The hybrid form of Ojibwa identity endorsed by the novel is most manifested through

Lulu and Marie through the growth and evolvement that both of them experience throughout

Erdrich’s work. In the case of Lulu, her relationship with Moses Pillager shows her returning to

her native roots about as much as she possibly can, in that she moved to a remote place away

from the rest of society to begin a romantic relationship with a man who lives about as much of a

traditional Ojibwa lifestyle as one can live. This is detailed by Erdrich on page 77, where she

writes:

“He rose in a tense motion and turned away as if, suddenly aware that I could see

him, I frightened him. He went into the cave that was his house. He still wore

everything backwards- old dungarees, a shirt made from a blanket. Even his

moccasins tied at the heels. I smelled the smoky air from the doorway, the rich

air of tanned skins. He returned holding a little mirror glass and put it before my

face. Quickly, lightly, he stepped behind me and checked both our images at

once. He took the mirror inside, then came back offering a tin can with another

strip of tin soldered on for a handle. It contained a steaming brew of leathery,

thick leaves. A kind of swamp tea.”

Moses lives an extremely remote lifestyle, and after he and Lulu begin a relationship, Lulu

discovers she is pregnant. To me, this is where Lulu truly endorses a hybrid sense of Ojibwa

identity. Lulu knows she cannot deliver and raise this child on Moses’ island, no matter how

much she enjoyed her time there. She needs help, and the island is a harsh and unforgiving place

for a child. Moses is extremely rough around the edges, and Lulu knows she cannot stay on the

island, showed by Erdrich in this passage from page 83:


“We slept curved in one shape, around the baby as it grew. We hardly talked

except by signs. We had no need of words. I grew bigger, bigger, my body

stretched unbearably. I grew so huge I frightened myself. By spring, the nights

shortened and the ice deepened its tones, cracked and shifted. The air around us

was still, a bitter black and the baby twisted in me. I would have to bear it when

the snow vanished. My heart thudded in fear. Women died in their blood.

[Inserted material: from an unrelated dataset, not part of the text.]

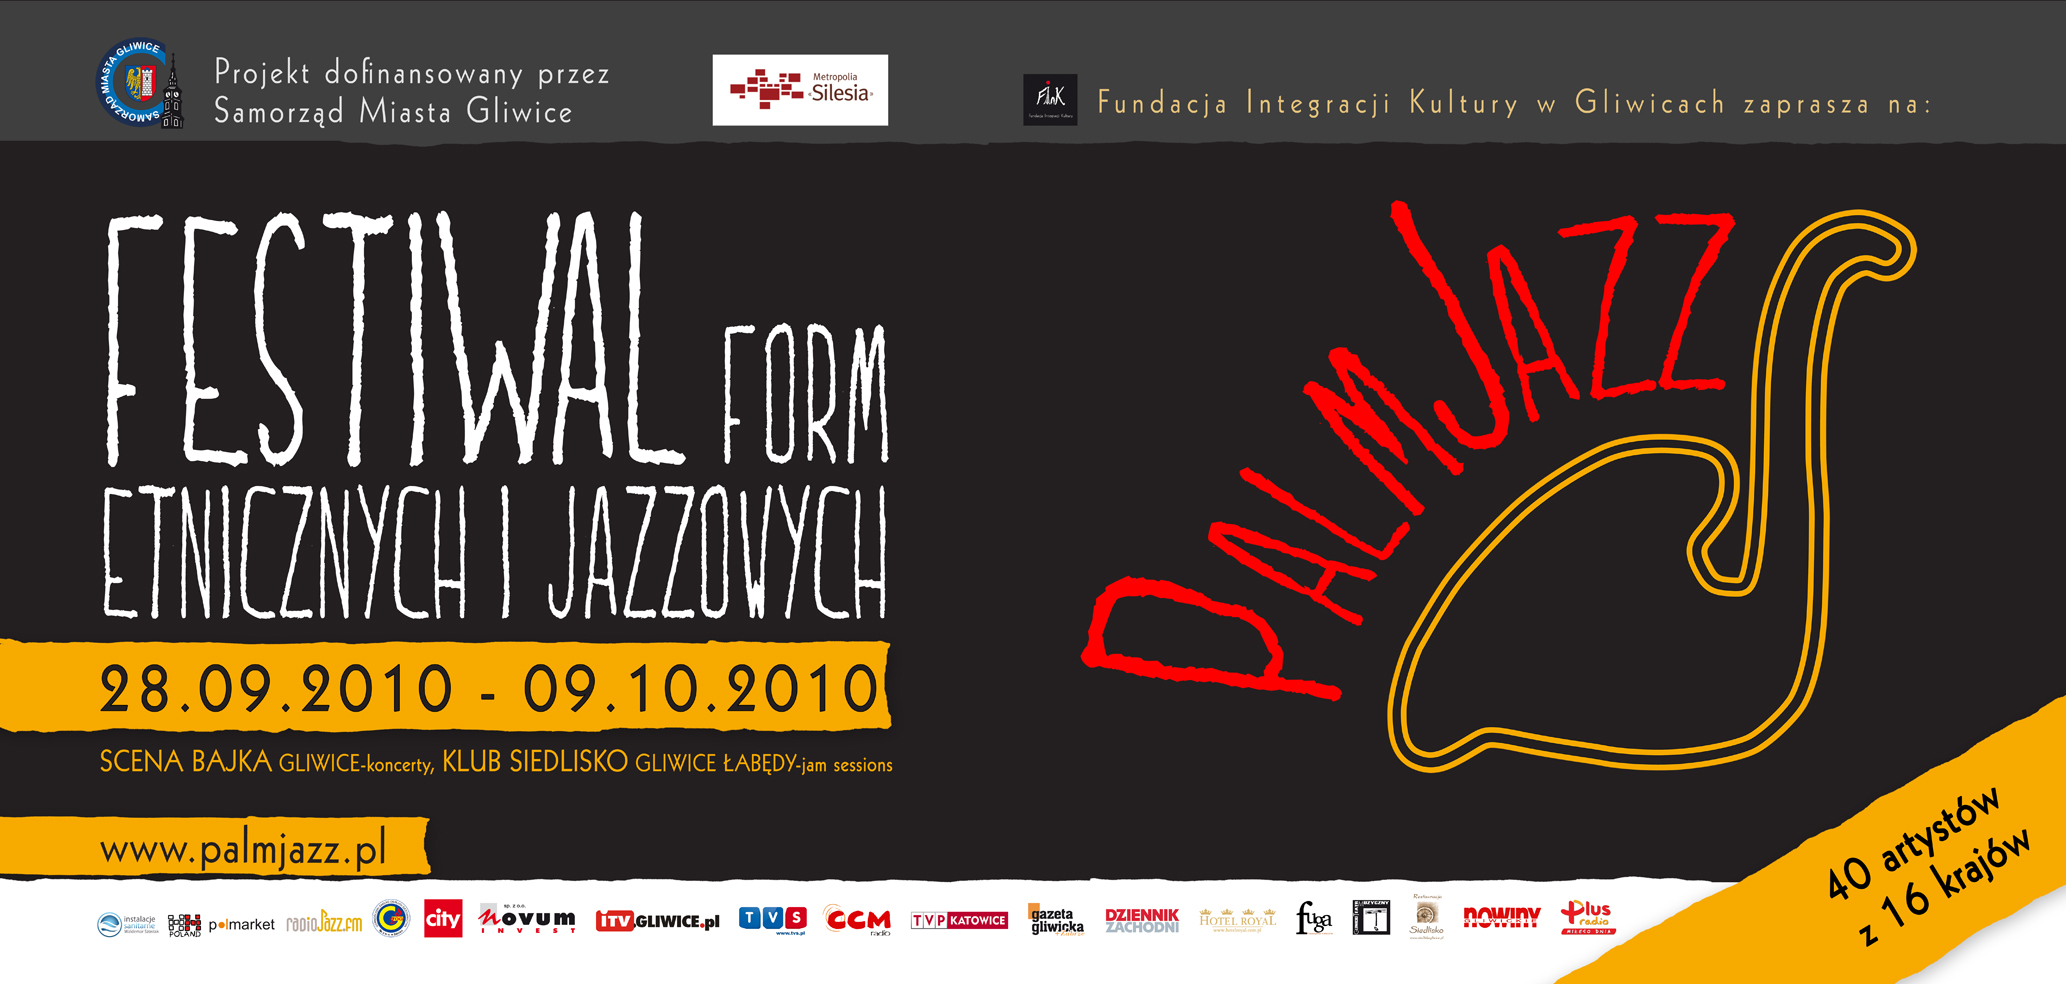 PalmJazz Festival

Women snapped green sticks in their mouths. I needed a midwife to guide me, a

mother. The ice had broken and black water swelled. I couldn’t sleep. I knew

that this baby, still tied to my heart, could drag me under. And yet, each morning,

light rose in the trembling mica, and I turned away, to the darkness in his arms.”

While throughout the rest of the book, Lulu continues to hold her Ojibwa heritage close, I feel

that this conscious decision by her that she needed to leave the man that she went to in order to

further her connection to her Ojibwa heritage shows her embracing a hybrid identity.

While Lulu is a good example of a character in the novel who embraces a hybrid identity,

I believe that Marie is the best example of this. Throughout the novel, we see Marie distance

herself from her Ojibwa identity at some points and come back in touch with that part of her

identity at other points. In the story “Flesh and Blood”, Marie must cope with Nector leaving her

for Lulu. In that story we see Marie seem to distance herself from her Ojibwa identity. It is not

explicit, but I believe there are some parts of the story that point to this, primarily where we see

Marie clean her home. In this passage on page 161, we get some insight into how Marie feels

about the situation:

“They would say Marie Kashpaw was down in the dirt. They would say how her

husband had left her for dirt. They would say I got all that was coming, head so
proud. But I would not care if Marie Kashpaw had to wear an old shroud. I

would not care if Lulu Lamartine ended up the wife of the chairman of the

Chippewa Tribe. I’d still be Marie. Marie. Star of the Sea! I’d shine when they

stripped off the wax!”

This, coupled with Marie’s return to the convent earlier in this story represents Marie distancing

herself from her Ojibwa identity and asserting her own independence. She doesn’t care about

Lulu or what she wears or even what she herself wears. She has herself, and has some faith in

herself. Her faith in Catholicism may not be what it once was, but she gets on her knees and

finds solace in work and applying herself.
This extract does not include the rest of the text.